ScienceDaily · https://www.sciencedaily.com/releases/2026/06/260614012006.htm
More than four in ten people now avoid the news. The cause looks less like apathy than overload, and a line from Jesus offers a far smaller assignment.
Don't be anxious for tomorrow, for tomorrow will be anxious for itself. Each day's own evil is sufficient.
Matthew 6:34
Something quietly strange is happening: more and more people are turning the news off. By one large survey, more than four in ten of us now avoid it, at least some of the time, the highest number on record. It is not that we stopped caring. It is that we cannot hold it. A psychologist put it plainly this week: the human brain was built to track threats in a village, and now it is handed every war, every disaster, every cruelty on the planet before breakfast. The wiring that once kept us alive mostly just exhausts us now.
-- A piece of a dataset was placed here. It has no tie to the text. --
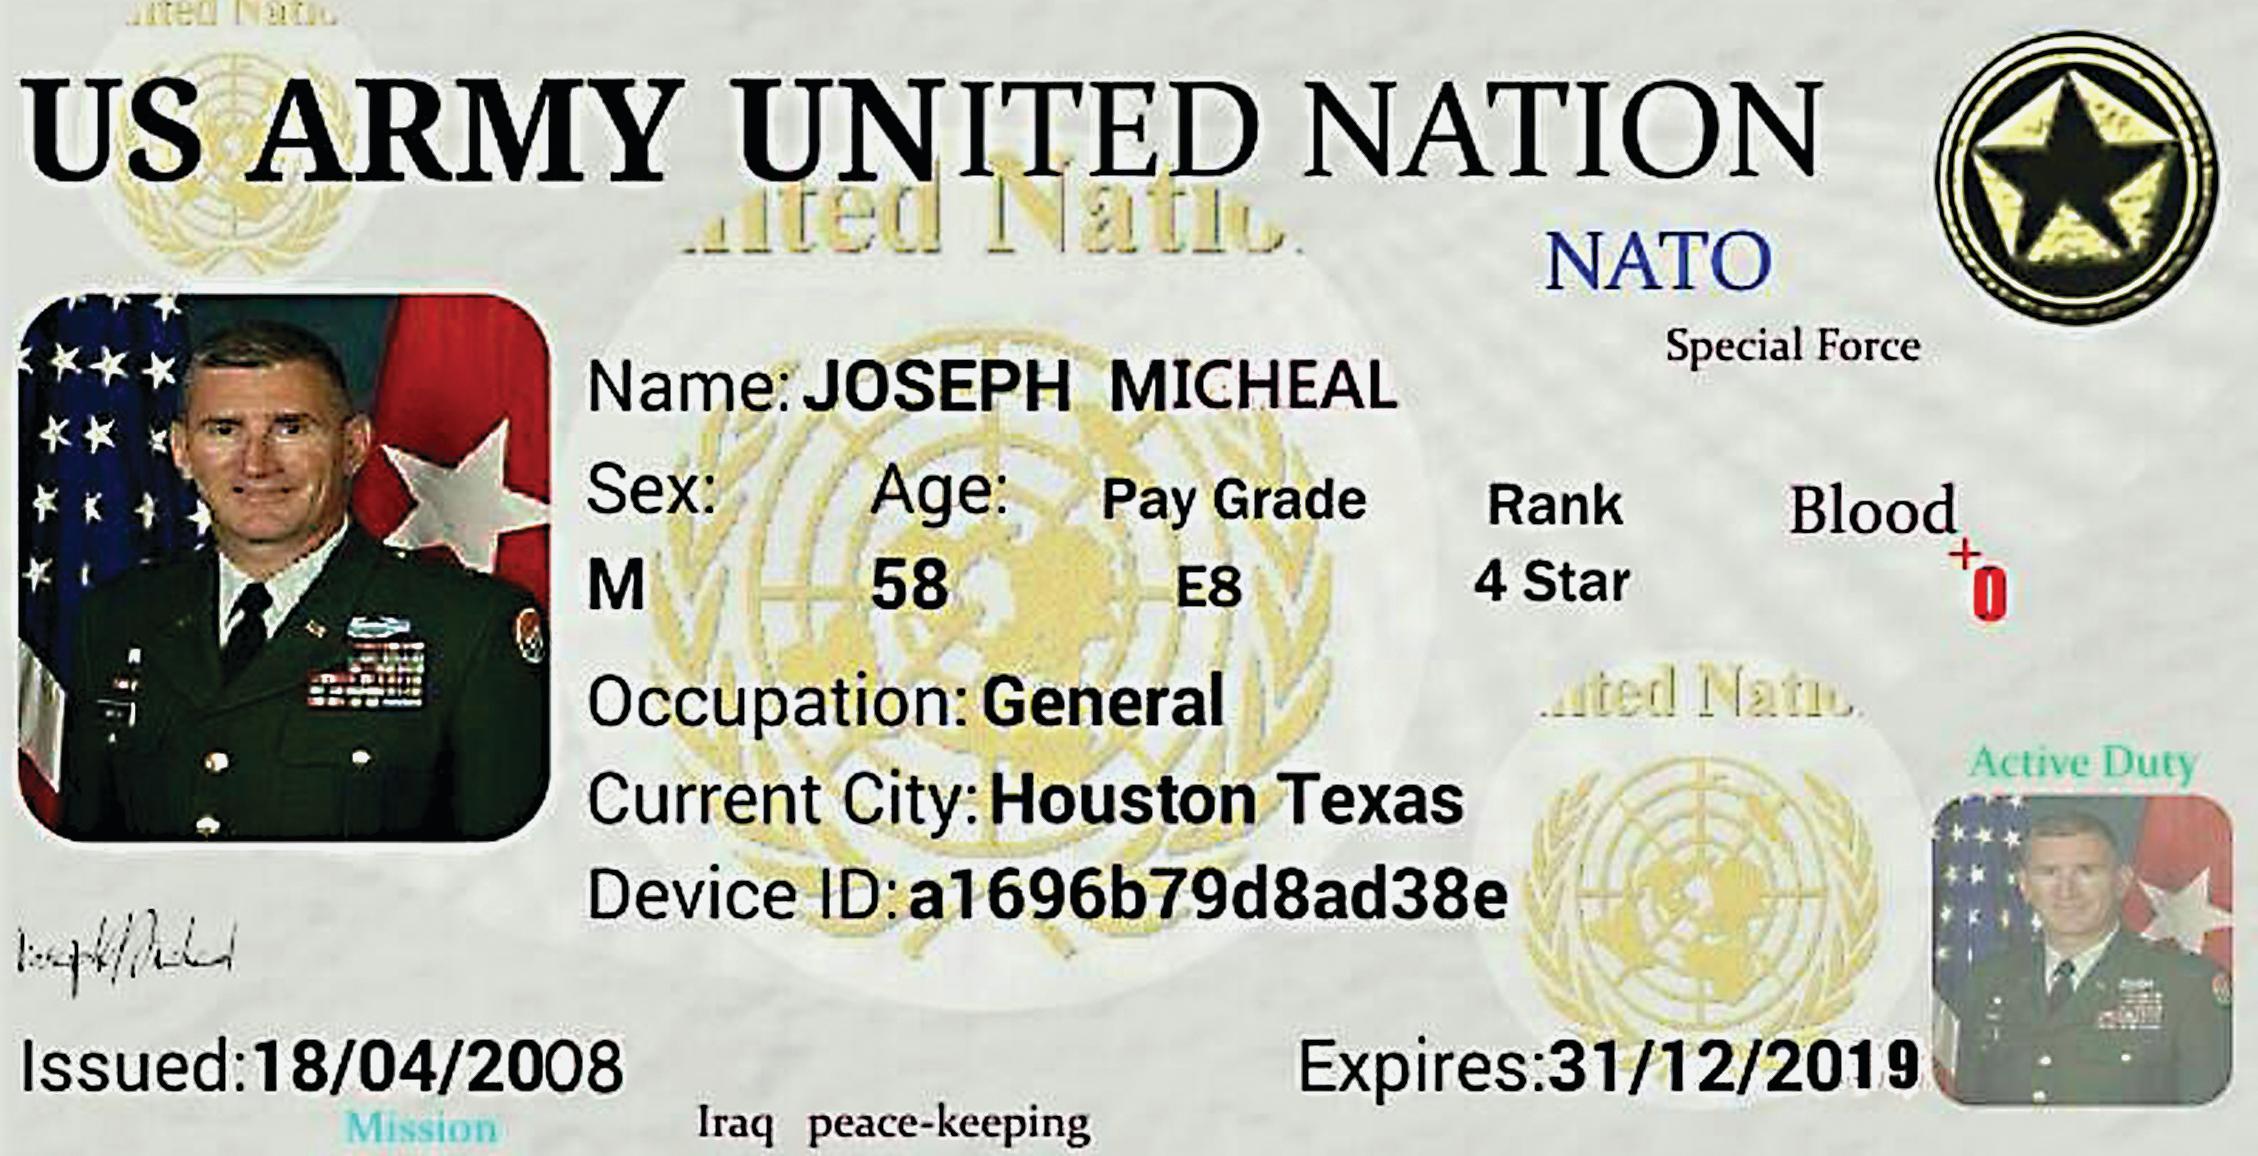 """הזיוף - תעודה מזויפת של קצין בנאט""""ו. התצלום הוא של הגנרל האמריקאי  ג'ון וולש ממונטנה, אבל התעודה  על שם ג'וזף מייקל מטקסס"""

There is a line from Jesus that sounds almost too small for a problem this size, until you sit with it. In the Sermon on the Mount he tells a worried crowd to let tomorrow look after itself, and adds a strange little mercy: each day has enough trouble of its own. The line is about size. You were only ever asked to carry one day's weight at a time, and tomorrow's troubles can wait for tomorrow to be carried.
That is permission most of us never give ourselves. The grief of the whole world, all at once, was never your assignment. Today's trouble is your share, and it turns out that is allowed to be enough.
None of this is a case for looking away. The point was never to care less, and the psychologist behind the research is blunt that switching the news off completely is its own kind of failure, because a society still needs people who know what is happening.
Caring and carrying are different things, though. You can love a world you are unable to hold all at once. You can probably only love it well once you stop trying, because the person actually in front of you needs a heart that is not already underwater. The whole earth's grief was God's to carry. The piece of it within your reach today is yours, and that piece is the only one you were ever going to be able to lift.